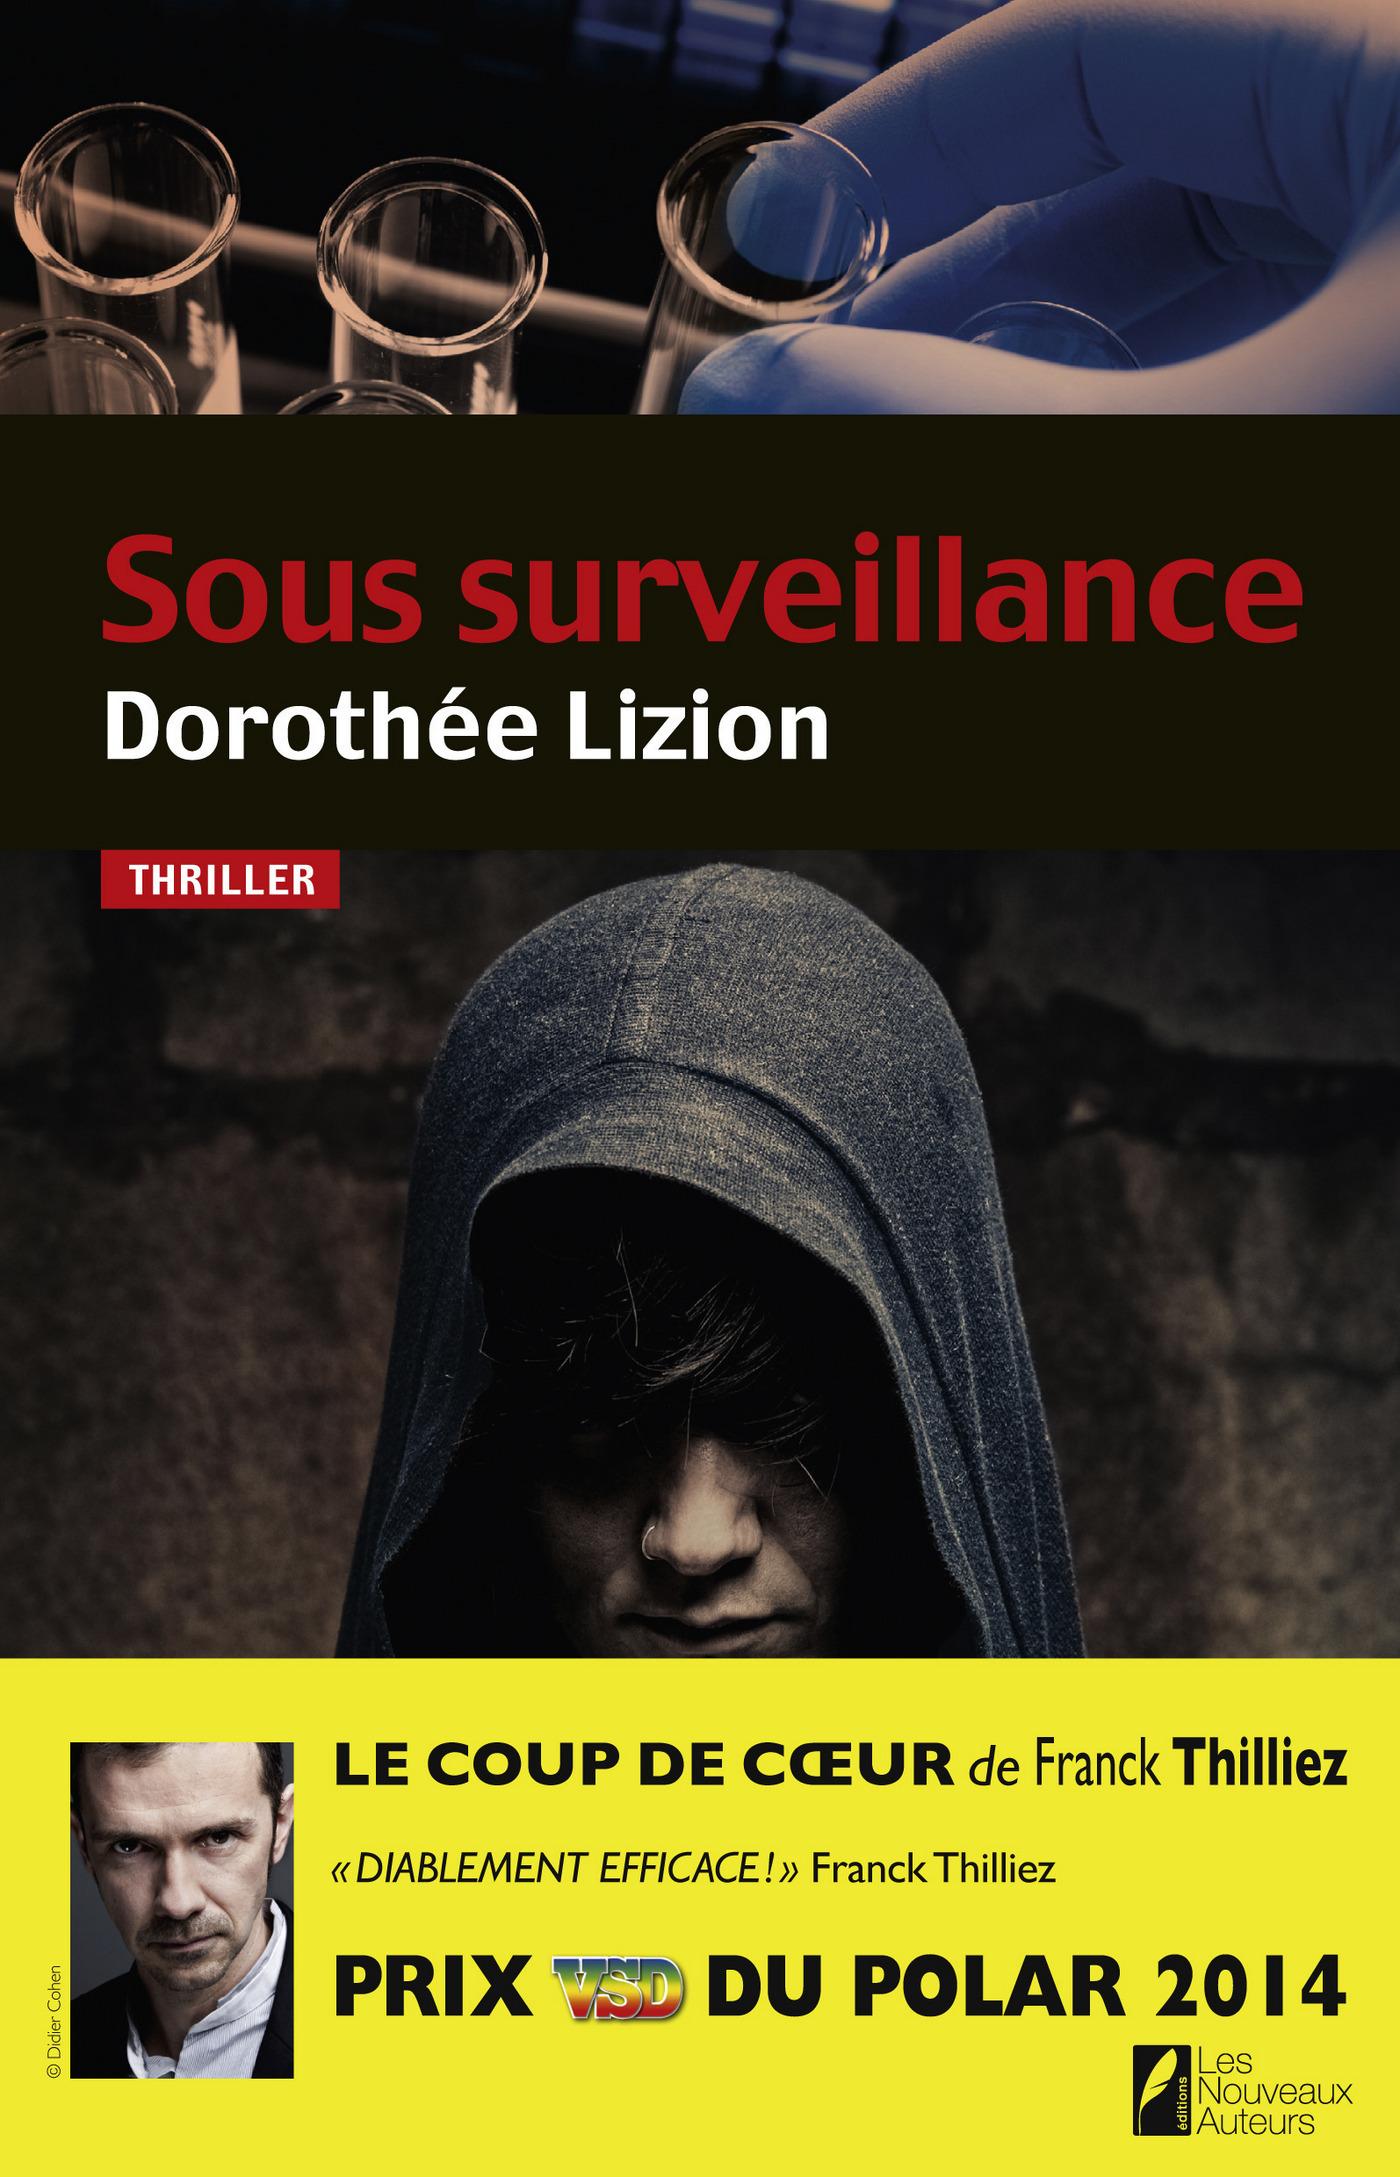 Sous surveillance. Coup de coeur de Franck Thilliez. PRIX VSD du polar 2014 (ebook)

==

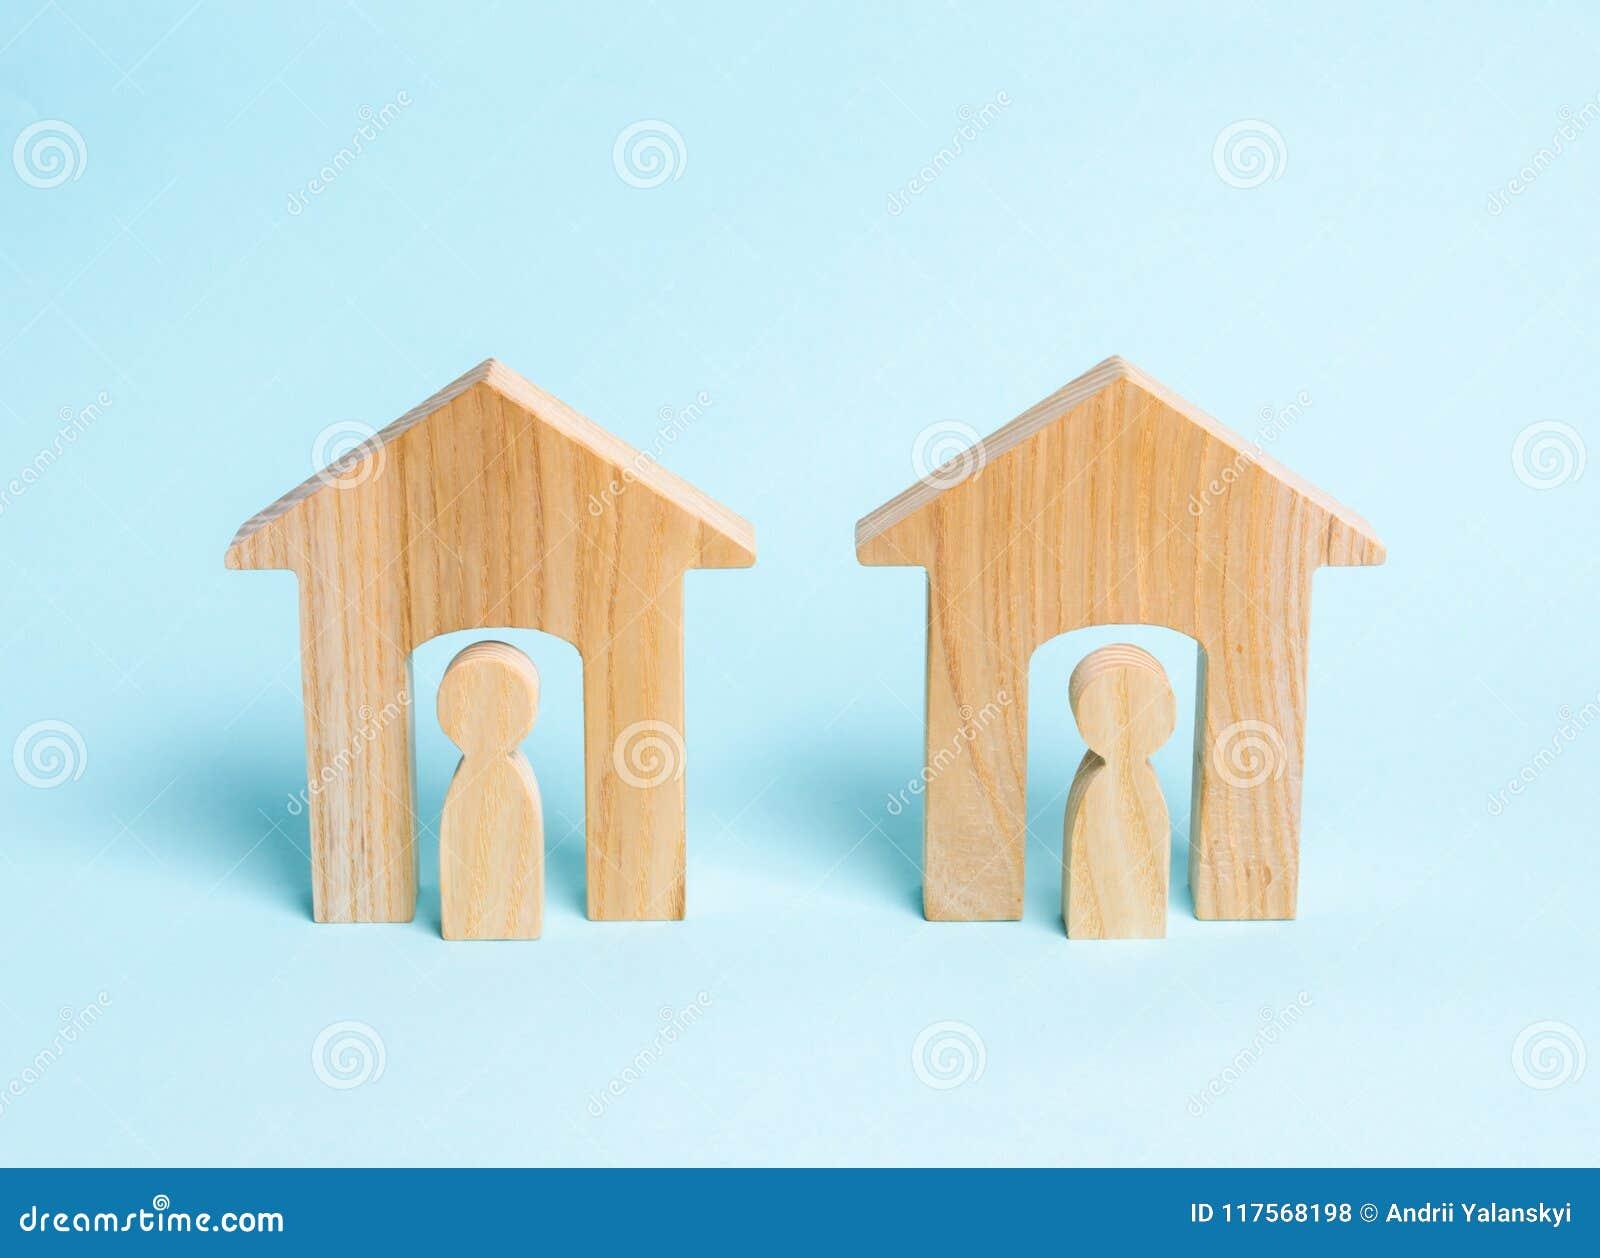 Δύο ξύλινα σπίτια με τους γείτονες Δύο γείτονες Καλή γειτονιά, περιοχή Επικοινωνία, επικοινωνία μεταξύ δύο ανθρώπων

...

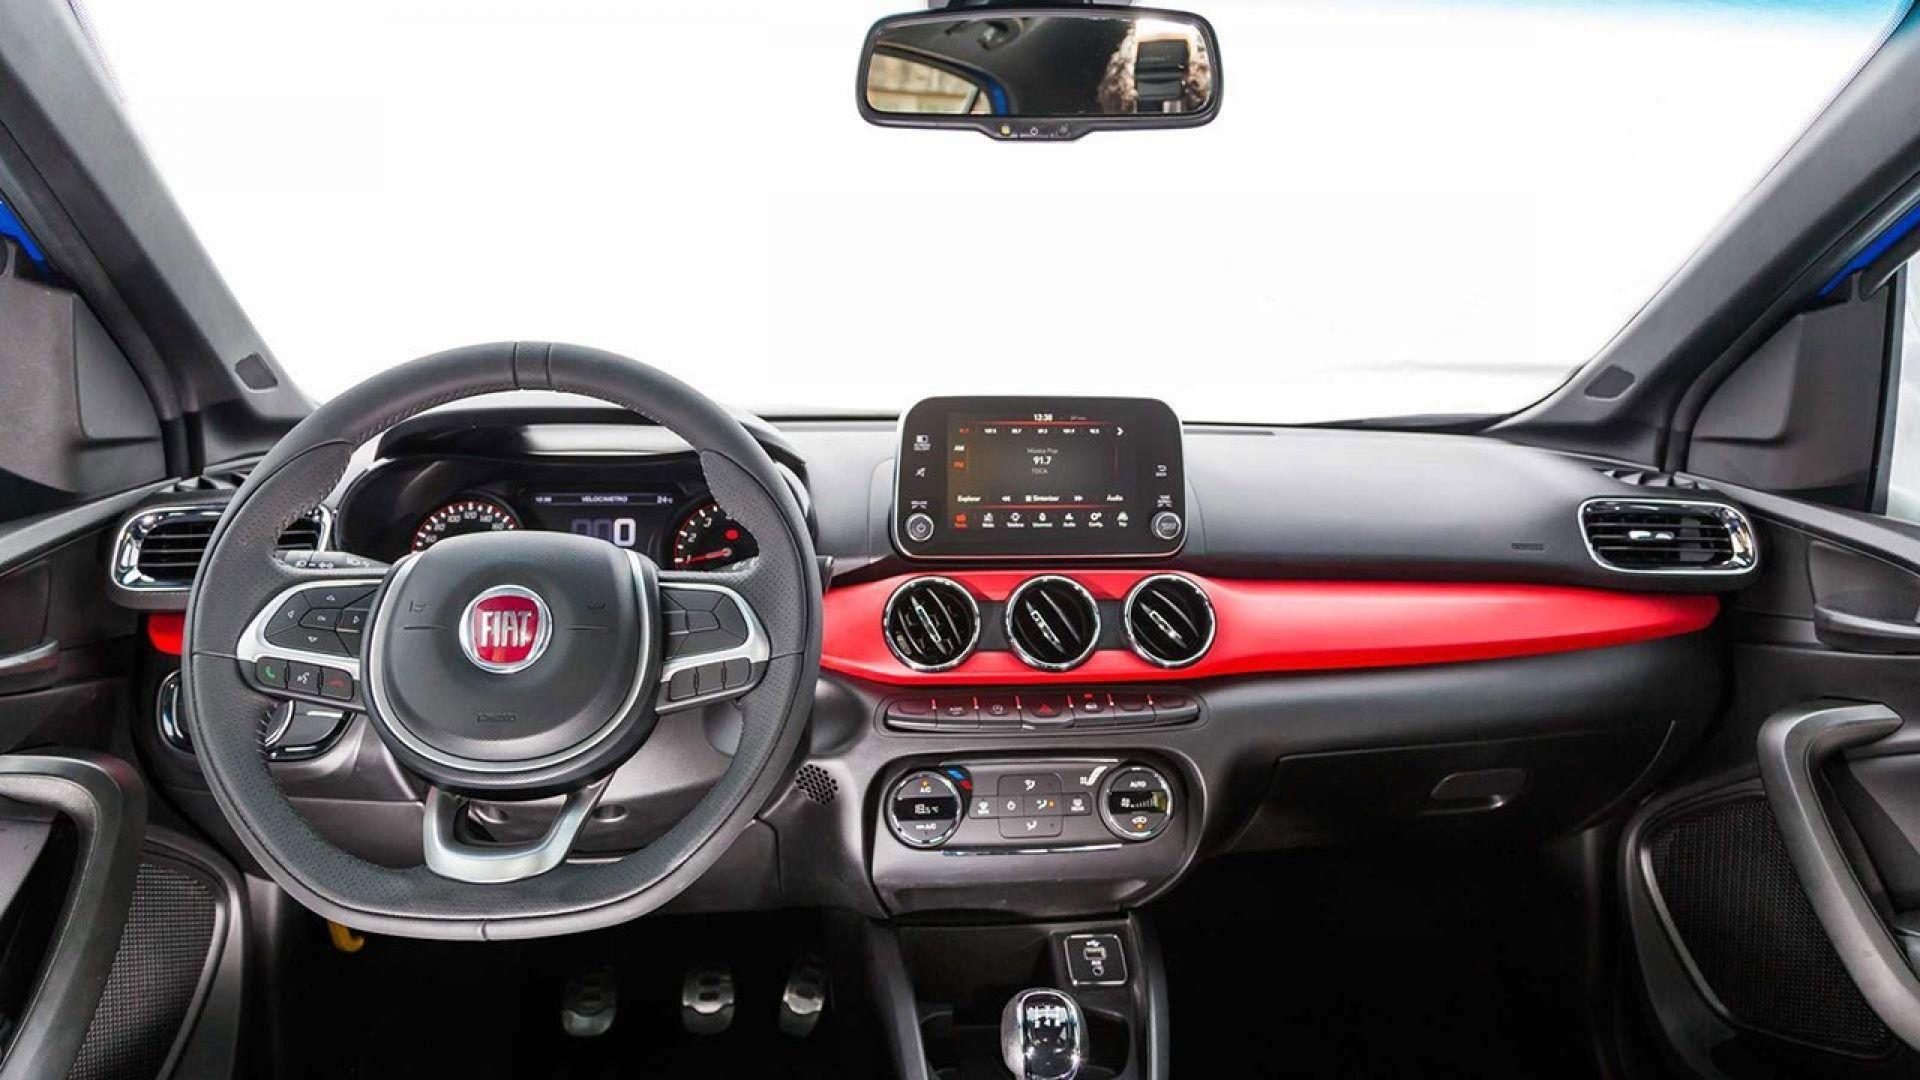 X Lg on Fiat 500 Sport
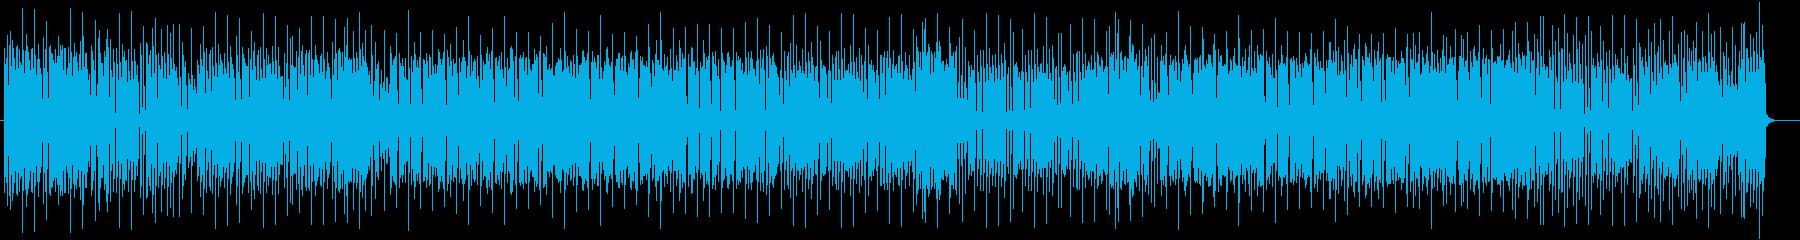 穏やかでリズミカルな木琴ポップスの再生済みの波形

**Exercise directions**
Only one stretch of the entries above is needed: the lines from the one containing "X Lg on Fiat 500 Sport" through the one containing "穏やかでリズミカルな木琴ポップスの再生済みの波形". Copy it exactly, without the pictures.

**Reply**
 X Lg on Fiat 500 Sport
 穏やかでリズミカルな木琴ポップスの再生済みの波形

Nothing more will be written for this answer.